One thing pregnant and lactating women (as well as women planning to conceive) should keep in mind: During these particular seasons of life, it’s best to consult with a trusted healthcare provider before adding any herbs to your routine, suggests the American Pregnancy Association. While some herbs, such as peppermint, have been deemed likely safe for use in these phases, extensive scientific research on the true safety of many herbs during pregnancy or while breastfeeding is lacking.

Later, throughout the midlife shift of perimenopause, herbs can once again come in handy, helping to relieve some of the frustrating hallmarks of this time and support the body through major change. Traditionally used as a natural remedy for hot flashes, black cohosh has been studied for its benefits for women in the menopausal transition, with researchers suggesting that its antioxidant activity, impact on serotonin, and interaction with estrogen receptors all play a role. Solaray Her Life Stages Perimenopause supplement combines black cohosh with other helpful herbs, including chasteberry and maca, to support women through the great shift as they near the end of their reproductive phase of life.
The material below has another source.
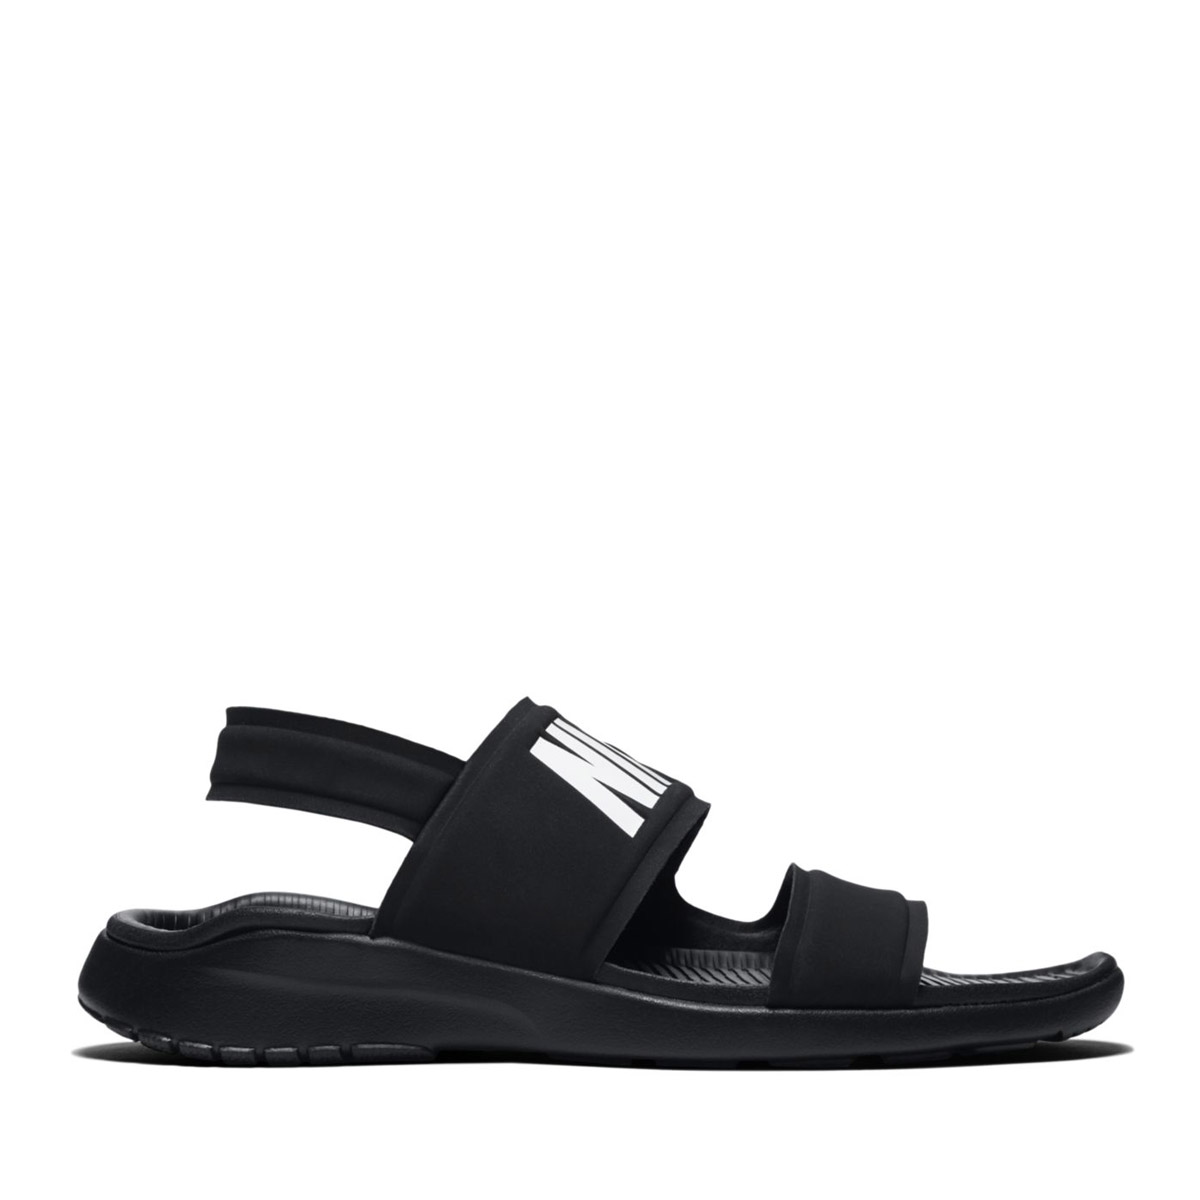 abf75a0739ed NIKE WMNS TANJUN SANDAL (BLACK WHITE-BLACK) (Nike women tongue Jun sandals)

Black cohosh continues to support women holistically through menopause, at which point menstruation has ceased for a full year, an anniversary often accompanied by changes in mood, weight, and more. That’s why you’ll find it amongst the ingredients in Solaray Her Life Stages Menopause formula. Another herb often turned to at this point: ashwagandha, an adaptogen that works against stress, mood changes, and sleep issues.

Beyond lies the postmenopause chapter of life, in which weight maintenance and brain health often jump up the priority list. In addition to maintaining a healthy diet (check out this framework for supporting long-term brain function), enlist the help of herbs such as saffron, which has been shown to support healthy body composition and heart health, as well as to balance low mood and potentially bolster cognitive function. Along with other natural all-stars such as green tea extract and resveratrol, saffron is a key ingredient in Solaray Her Life Stages Postmenopause formula.

If you’re curious about how incorporating herbs into your diet can support the specific life season you’re in, consider consulting with a clinical herbalist or credentialed nutritionist, who can help you identify which herbal allies might be best for your current age and stage.